While the Covid-19 crisis has affected businesses around the island, Beddoes is urging employers to continue contributing to the super fund.

He said calls to reduce super contributions to zero could result in members missing out on the insurance benefit.

The government has reduced contributions from five per cent to three and it is set to reduce further to one per cent from July.

Beddoes confirmed the wage subsidy government pays to the employers includes the superannuation and tax contributions.

“The issue that we have is some employers prior to the government subsidy had not been making payments.

“When the subsidy started, they received the subsidy but have not made the contributions so the employees that are working for them will be approaching the six month period of no contributions which means they will no longer be entitled to this insurance benefit.

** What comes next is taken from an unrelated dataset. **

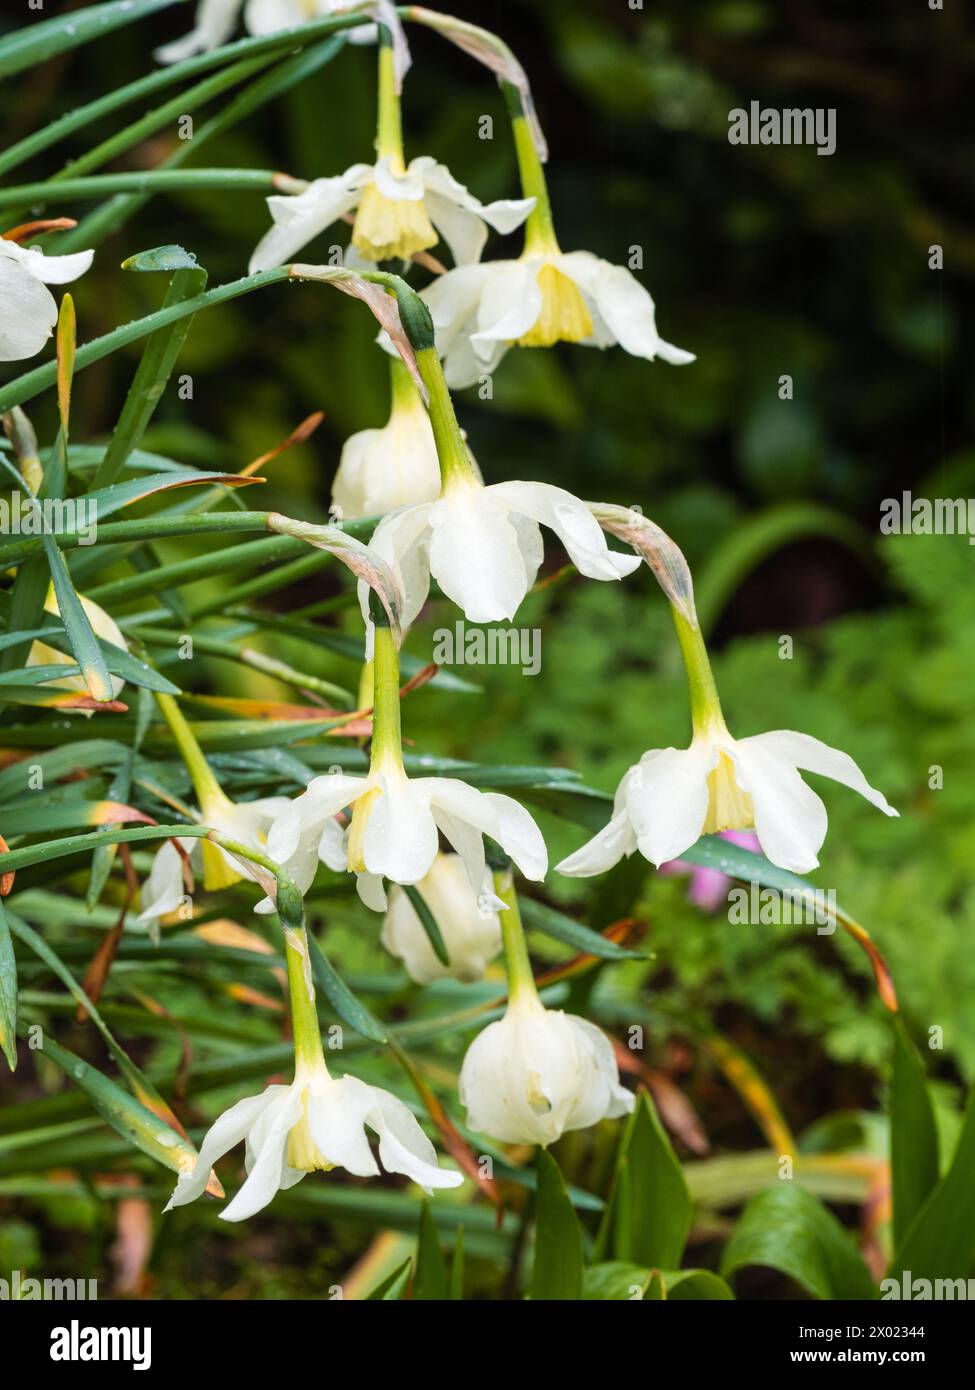 Weiße Blütenblätter und blassgelbe Blütenblätter der traditionellen Narzissen-Sorte Narcissus 'Mrs Langtry', die im Frühjahr blüht Stockfoto

“Most of the employers are playing by the rulse, they are receiving subsidy and making regular contributions but there are a couple who are not.”

According to the national superannuation policy, when a member joins the fund and starts contributing, they are automatically covered for life insurance to the value of one year’s salary even if they have pre-existing medical condition. The pay-out will also include their total contributions, including the contributions from the employers.

Beddoes said the one year’s salary would be calculated based on the contributions made by the members.

They had paid out “millions of dollars” in insurance claims over the years, he said. In the April 2020 quarter, Beddoes said the super fund paid out $925,000 in benefits.

Those who have total impairment disability and cannot work due to that, diagnosed with terminal illness with limited time to live or have “passed away suddenly” are entitled to insurance pay out.

Cook Islands National Superannuation Fund uses Mercer Marsh Benefits as brokerage and the underlying policy is with AIA.